红官利落扣上衣扣,没再跟他说过一句话。
清瘦的背影透着“郁闷”两字。
连古穿好衣服,匆匆洗抹了把脸,心情复杂地追了出去。
出房门看红官站在香案前恭敬上香,就默不作声地倚在门口平复着情绪。
红福端粥进来,扫眼看到了连古,差点手滑洒了粥,不禁瞪大了双眼:连先生这么早就赶回来找先生了?
看先生正在上香,只是张了张嘴,也没有惊咦出声。
连古冲红福熟络一点头,红福口型连带手型比划完后,就回厨房准备他的早餐了。
红官敬了香,脾气也泄了一大半,瞥了那个不知道自己哪里出问题的人一眼:“过来把粥喝了,然后回去吧。”
“来了,我就不打算回去。”连古目光追视着红官。
“那你倒是搬过来啊。”红官顺口一说,没想到连古满口答应了,还打了通电话给褚卫,让他收拾些日用品送过来。

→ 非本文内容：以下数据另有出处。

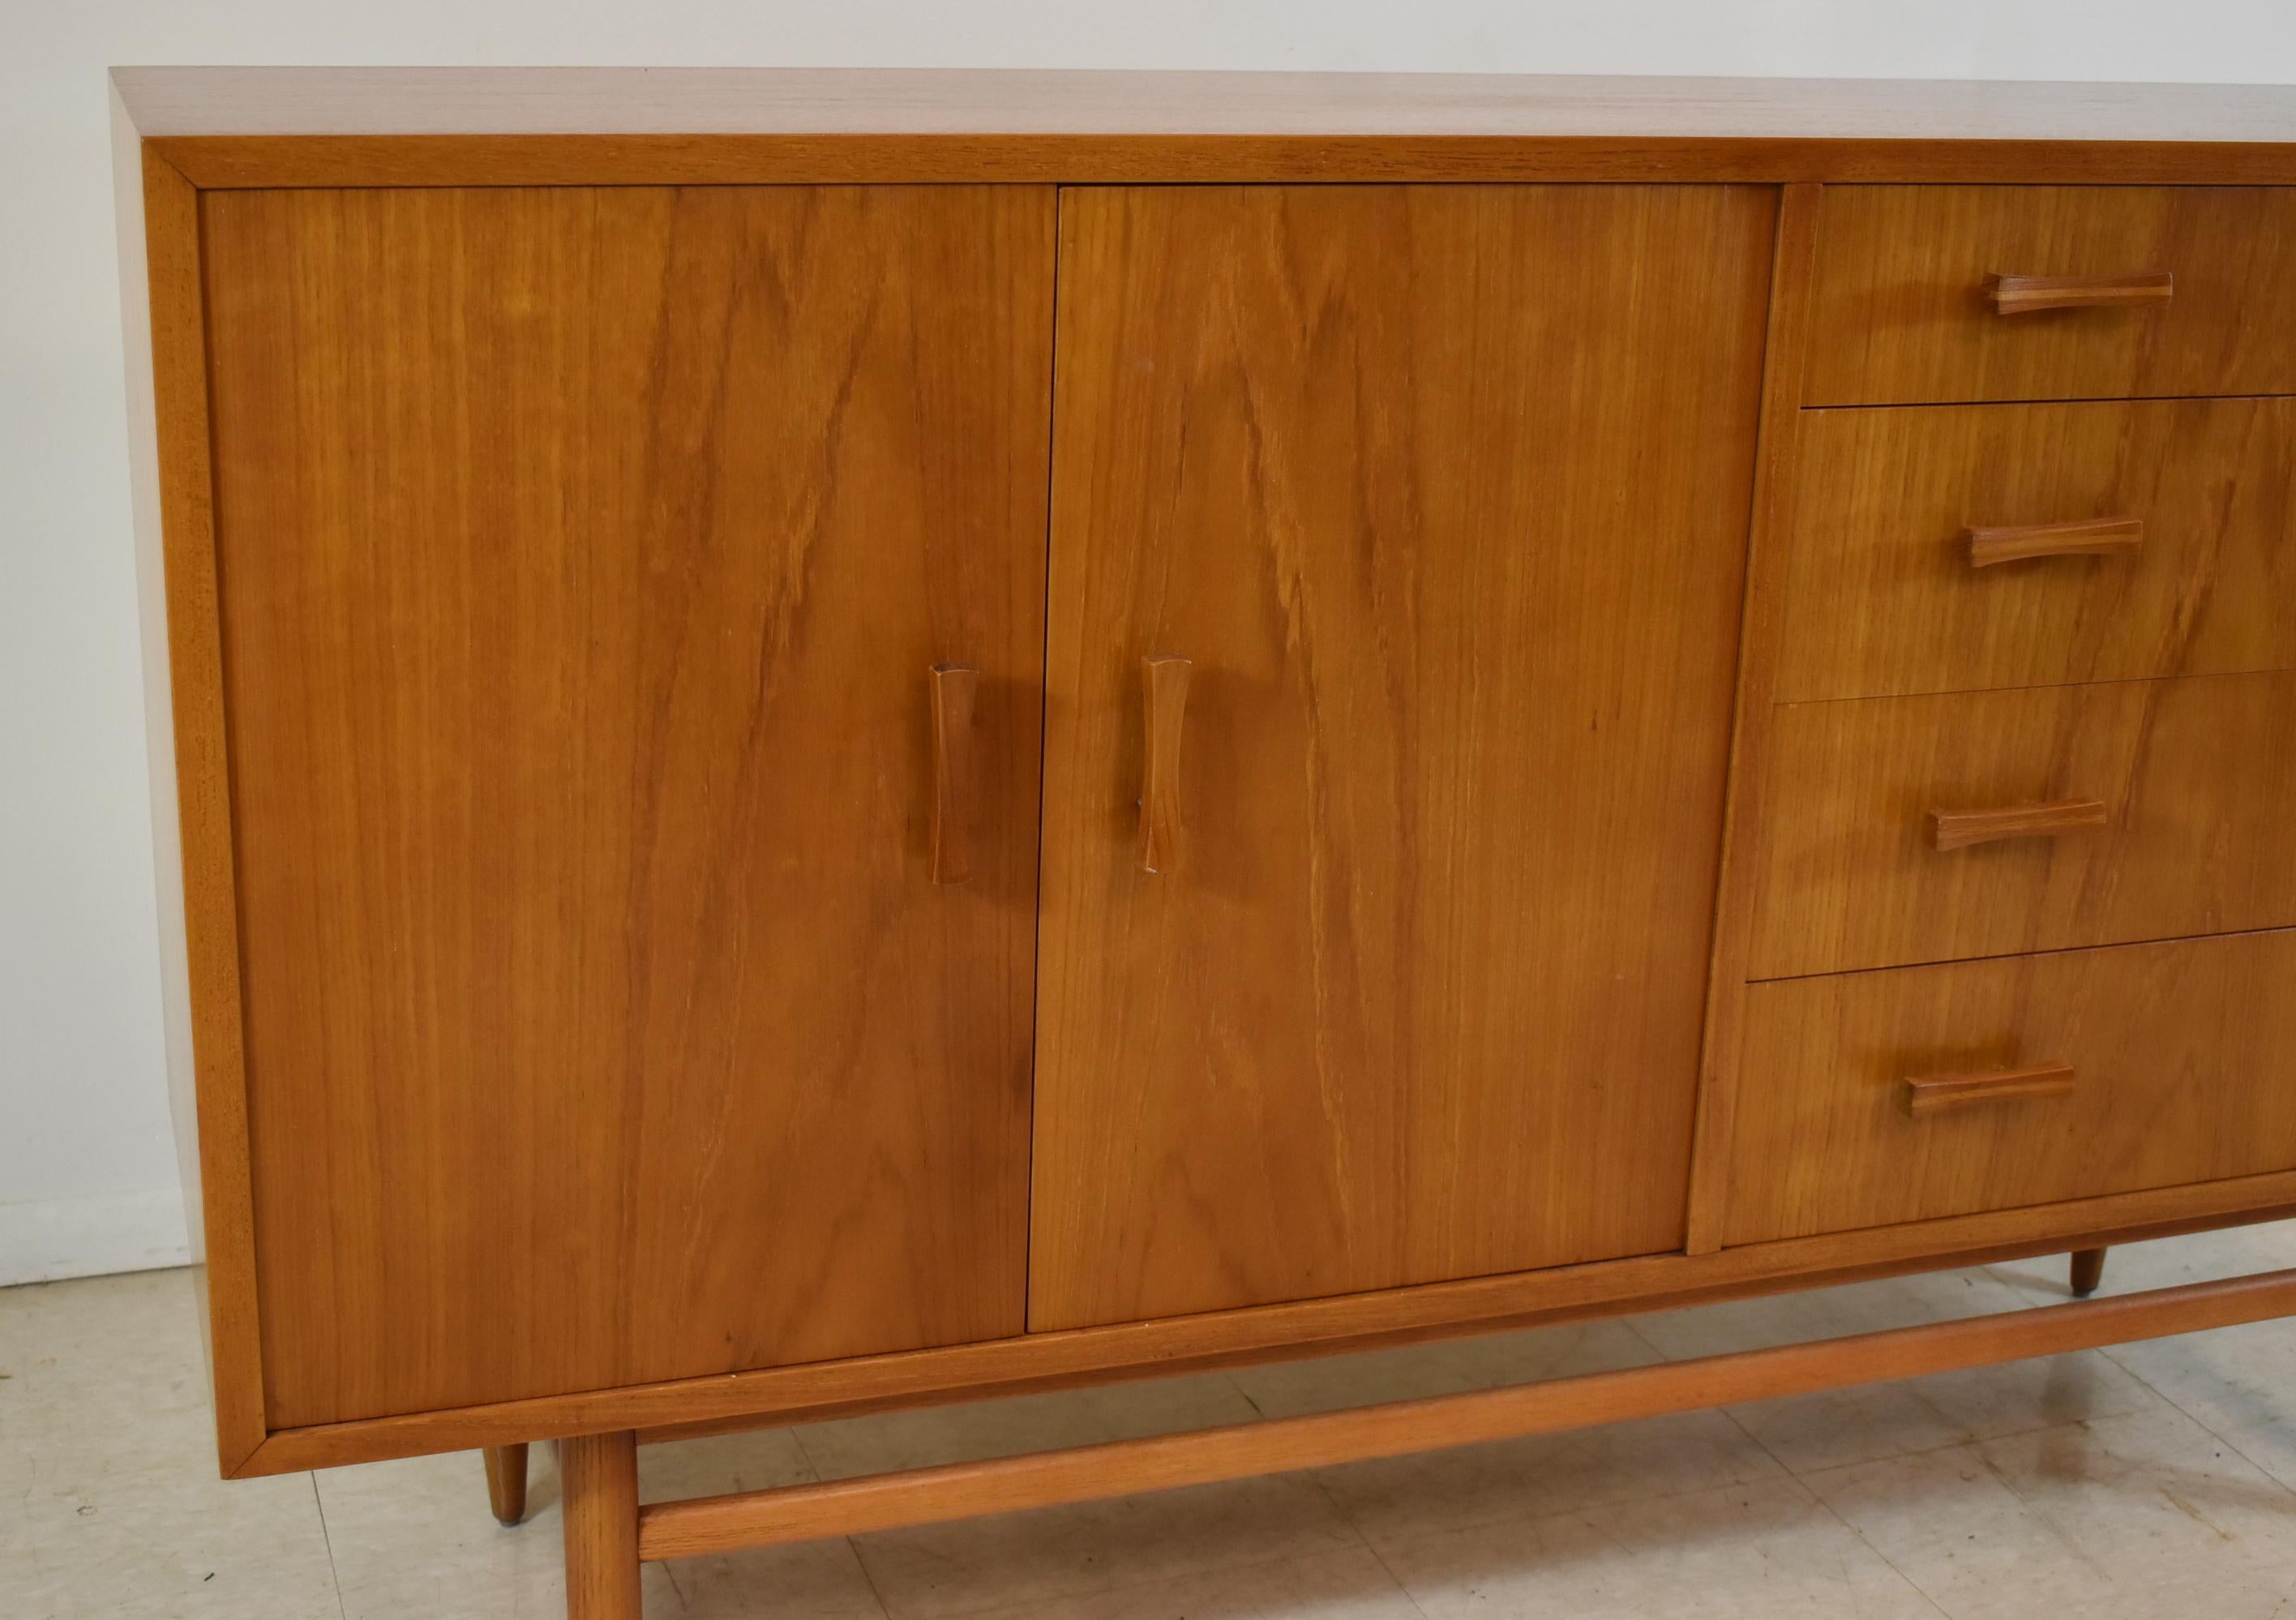 Paul McCobb planner group style credenza made of teak wood with bow tie shaped handles, contains 4 dovetailed drawers, adjustable shelving. In excellent condition. Dimensions: 60
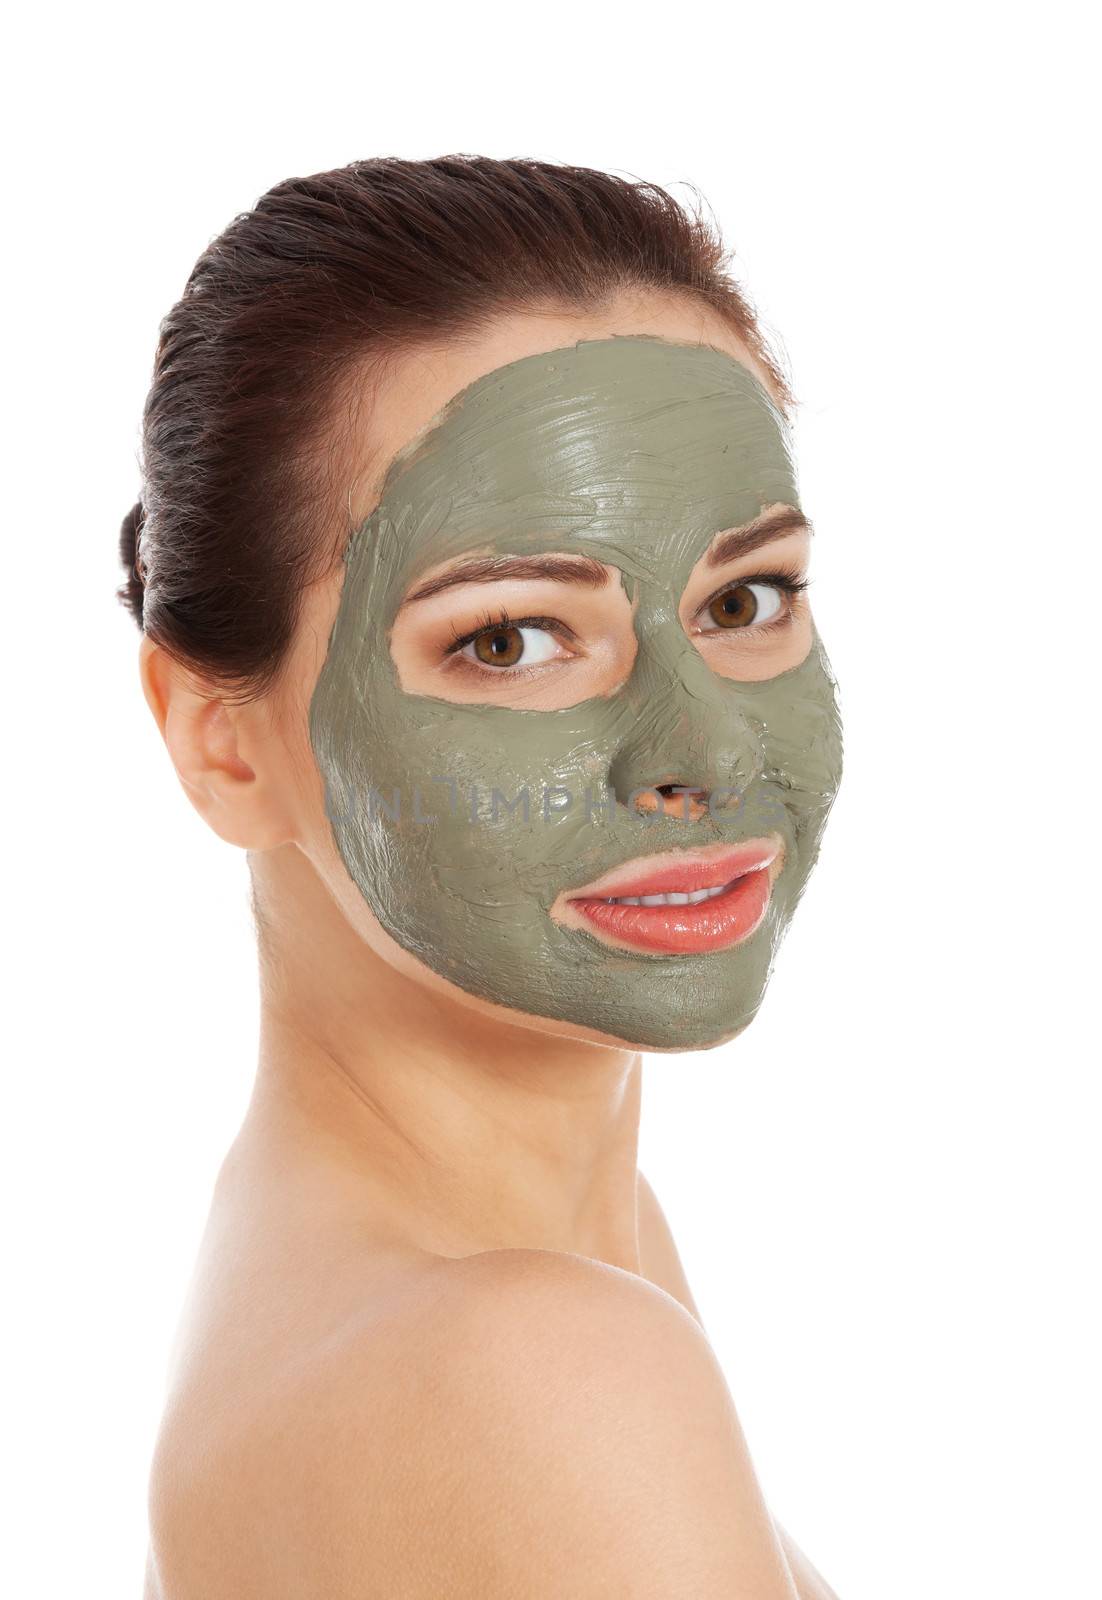 Beautifu toplessl woman with facial mask. Spa concept. Isolated on white.

红官诧异挑眉:“在我眼皮底下,连先生还能安心‘做事’?”
“…”连古被他的客气疏离噎了下,在这种入睡前服软,睡醒较劲,敏感又机智的人面前,再滴水不漏的谎言,都会被拆穿,而且显得十分拙劣。
红官舀了碗山药粥给他,连古瞟了眼,一板正经地说:“应该给你补身体。”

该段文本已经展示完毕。